[Opening Exercise data section]
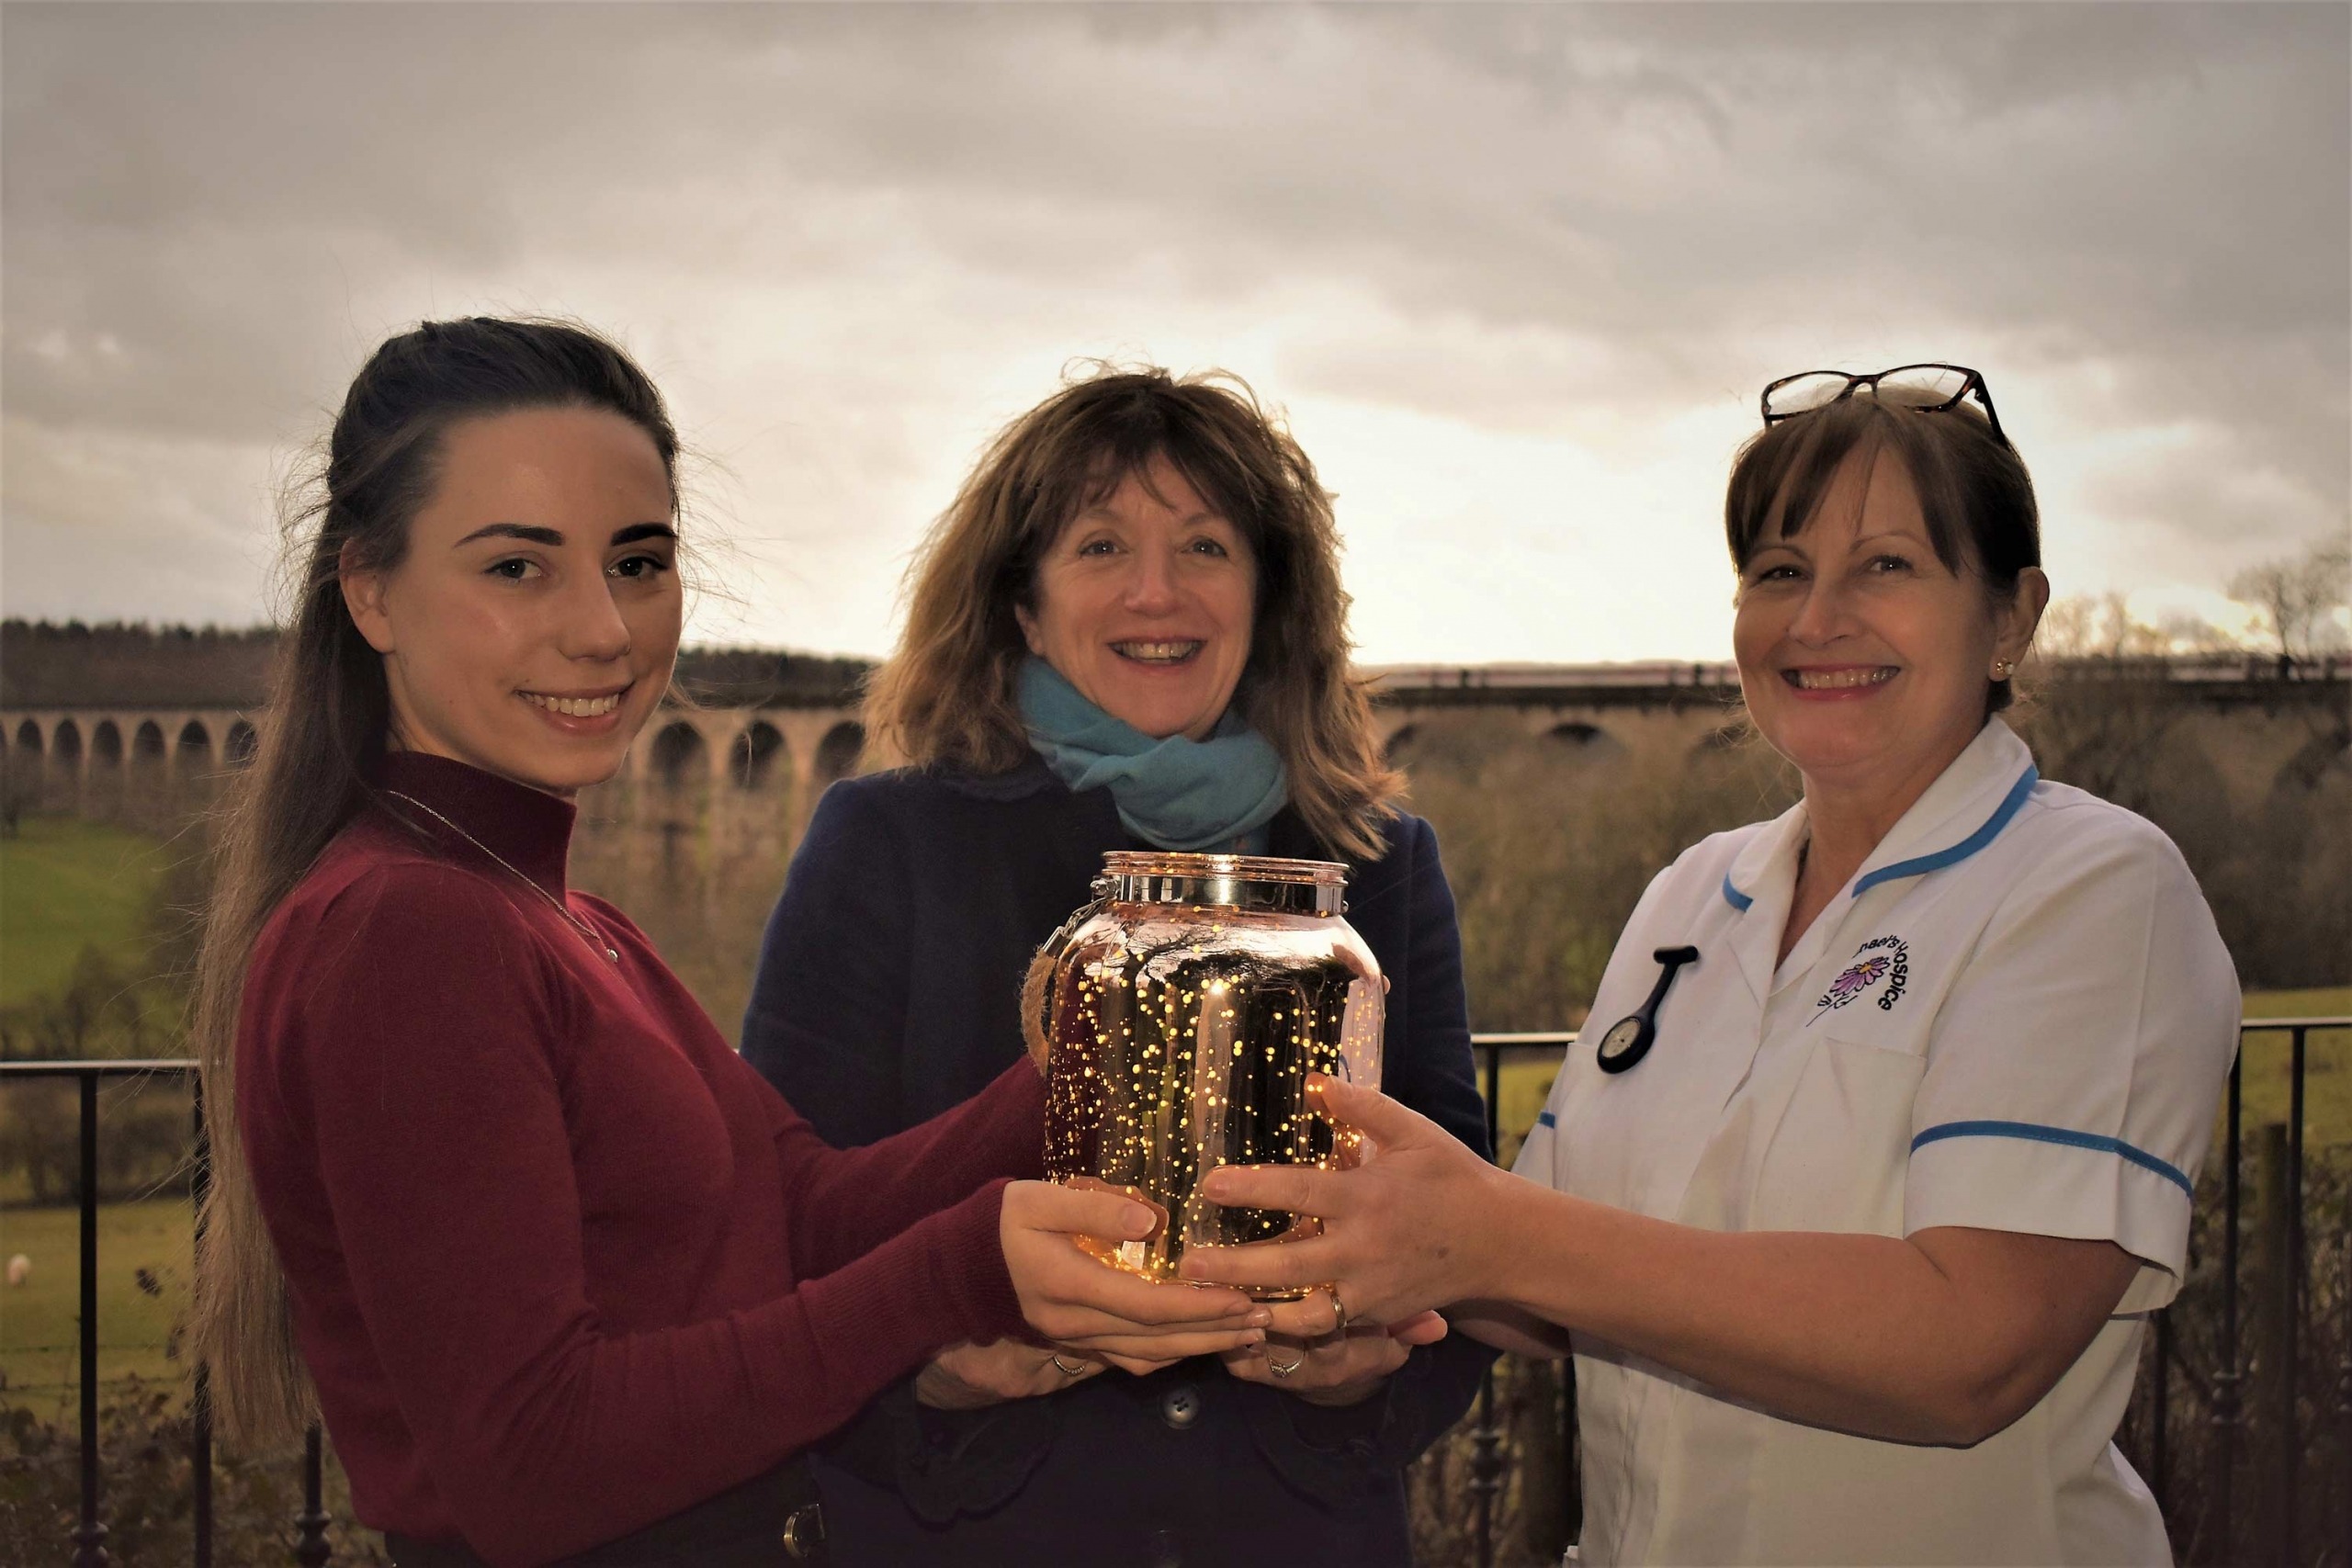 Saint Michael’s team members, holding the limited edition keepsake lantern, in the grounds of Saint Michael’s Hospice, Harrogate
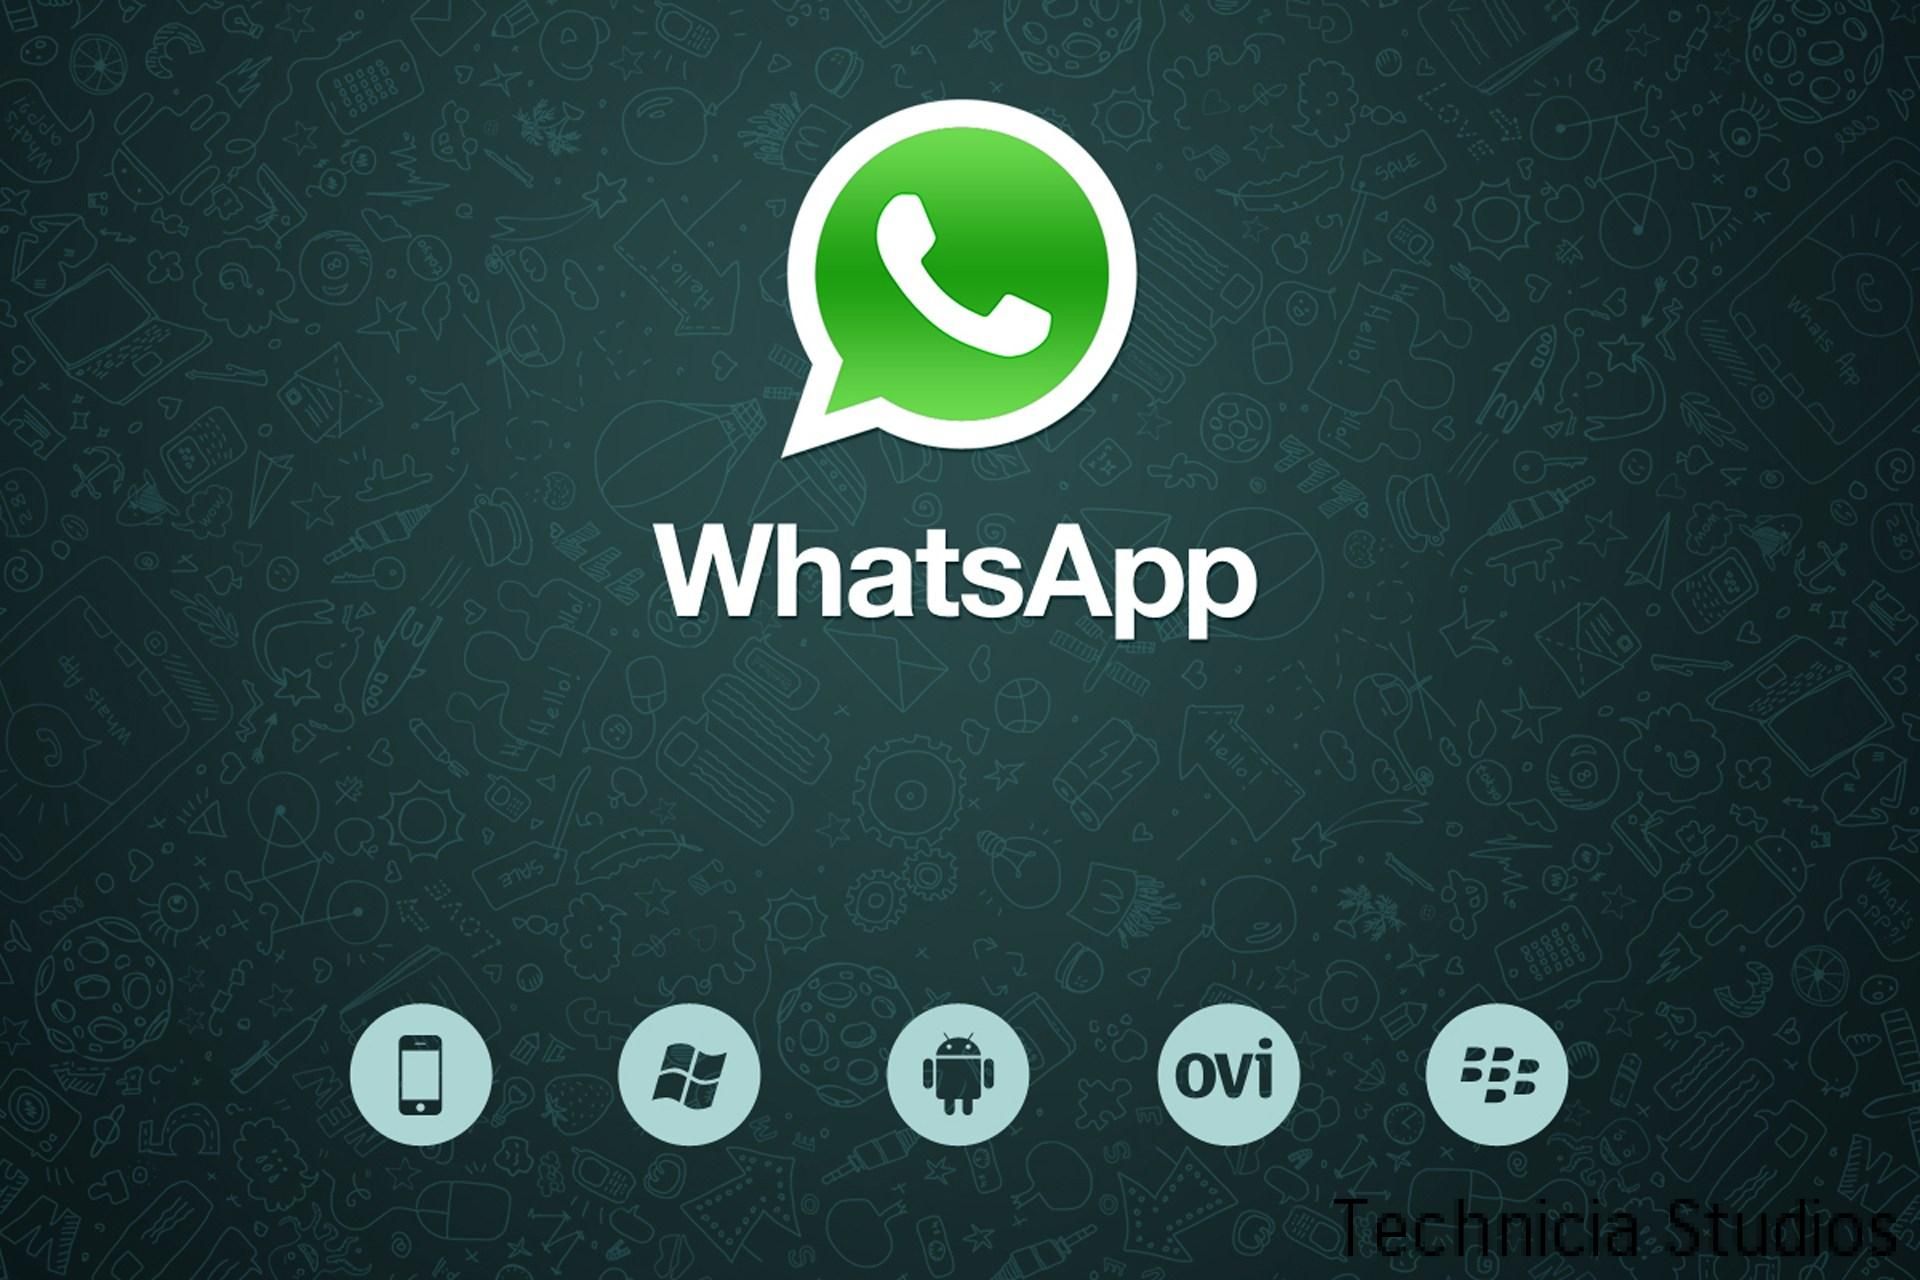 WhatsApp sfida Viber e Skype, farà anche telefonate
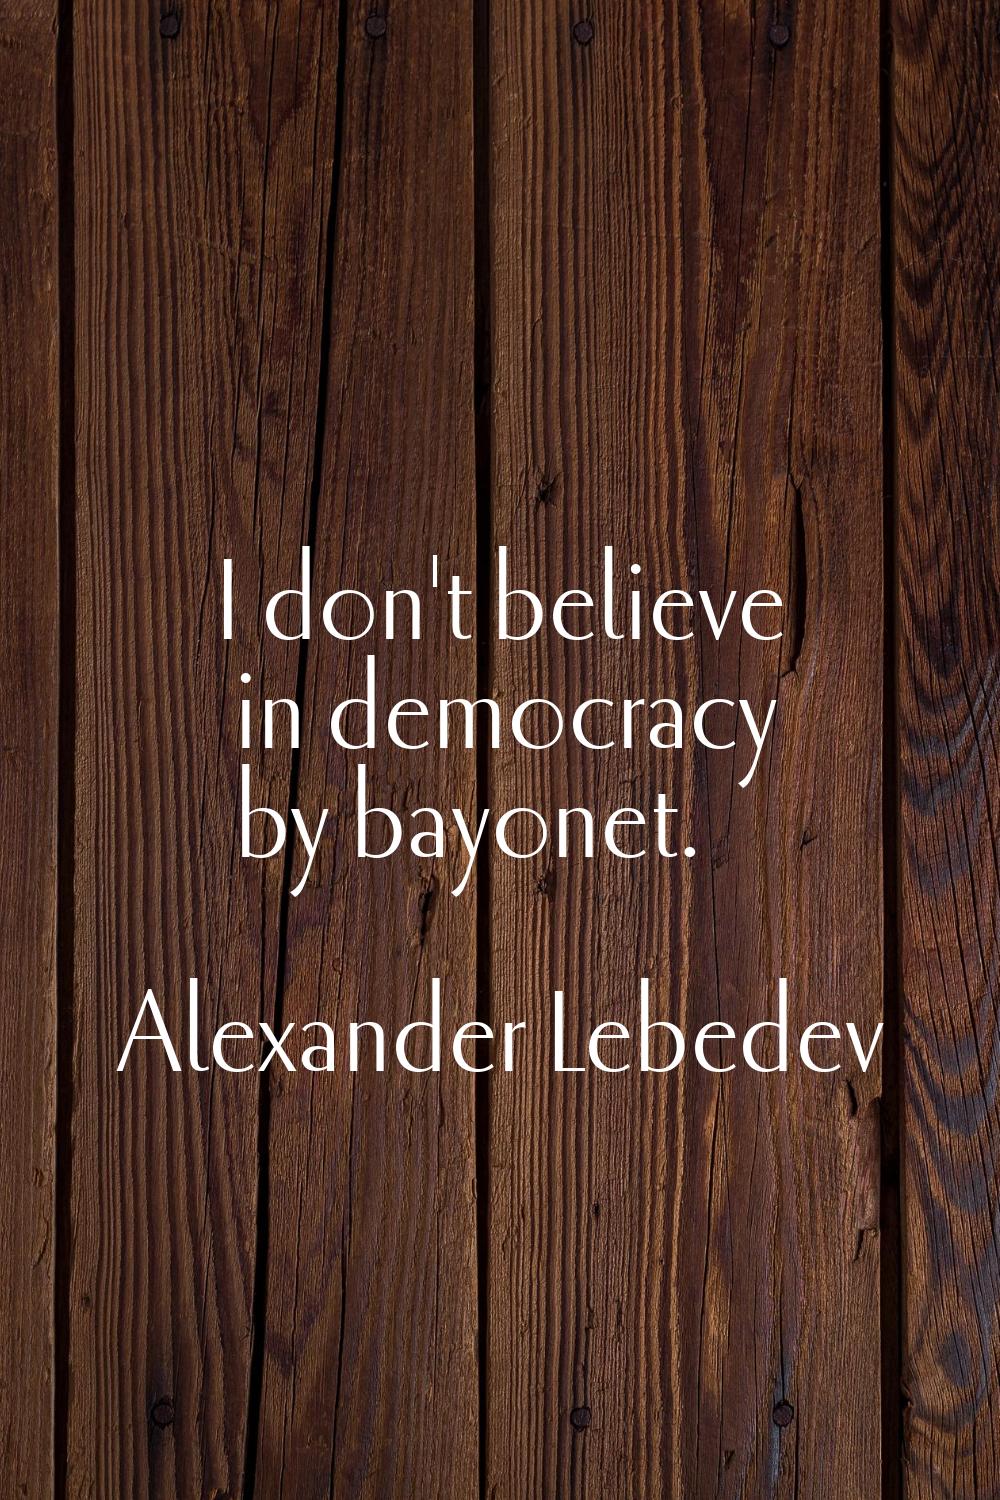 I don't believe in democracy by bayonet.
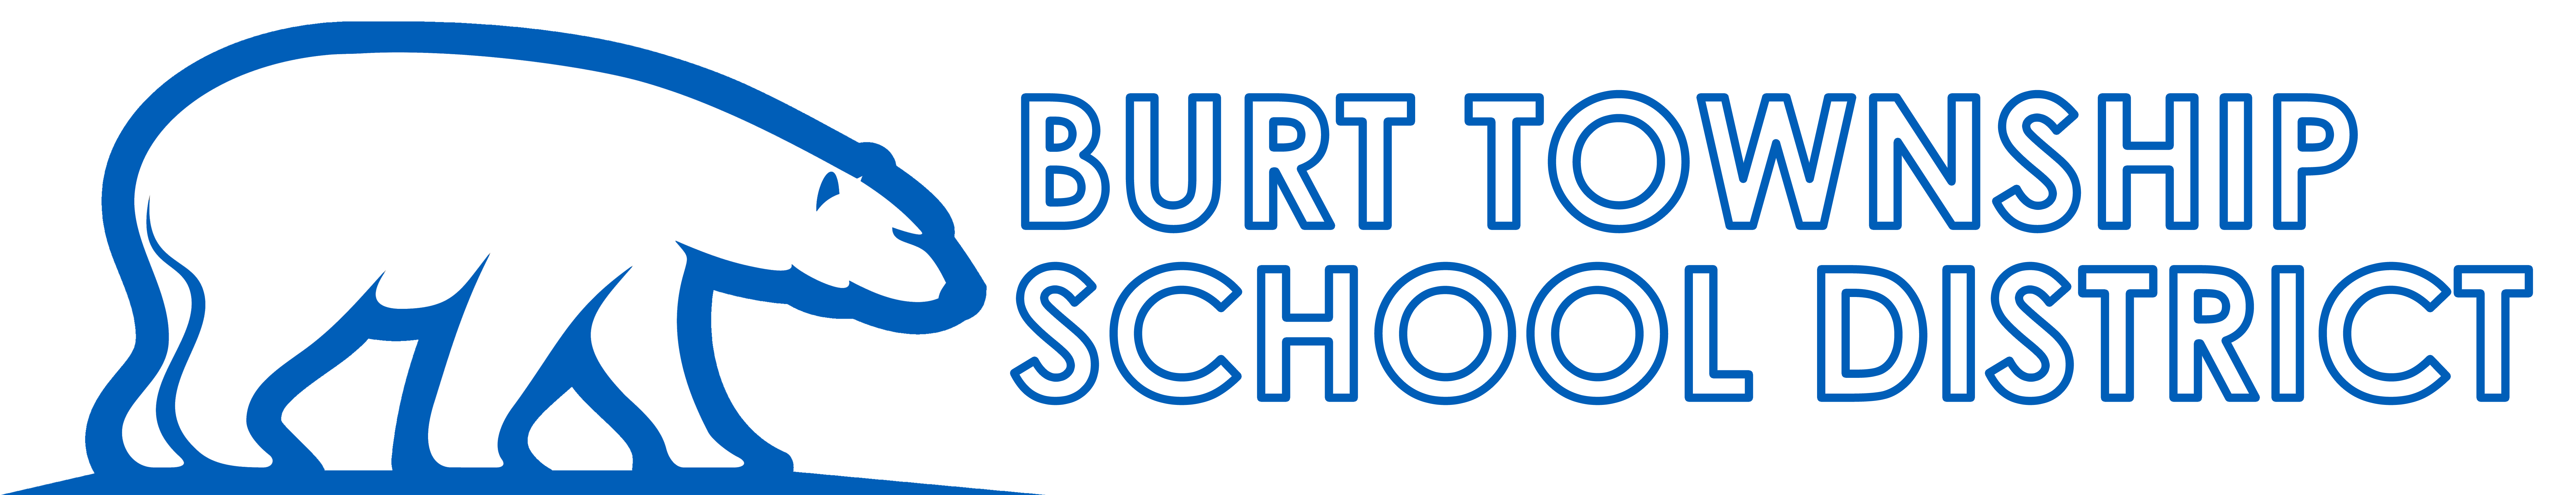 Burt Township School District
[Closing Exercise data section]
■ Task goal
Copy exactly the lines from the line that holds "WhatsApp sfida Viber" to the end of the listing, both included. Leave the pictures out.

■ Written reply
 WhatsApp sfida Viber e Skype, farà anche telefonate
 I don't believe in democracy by bayonet.
 Burt Township School District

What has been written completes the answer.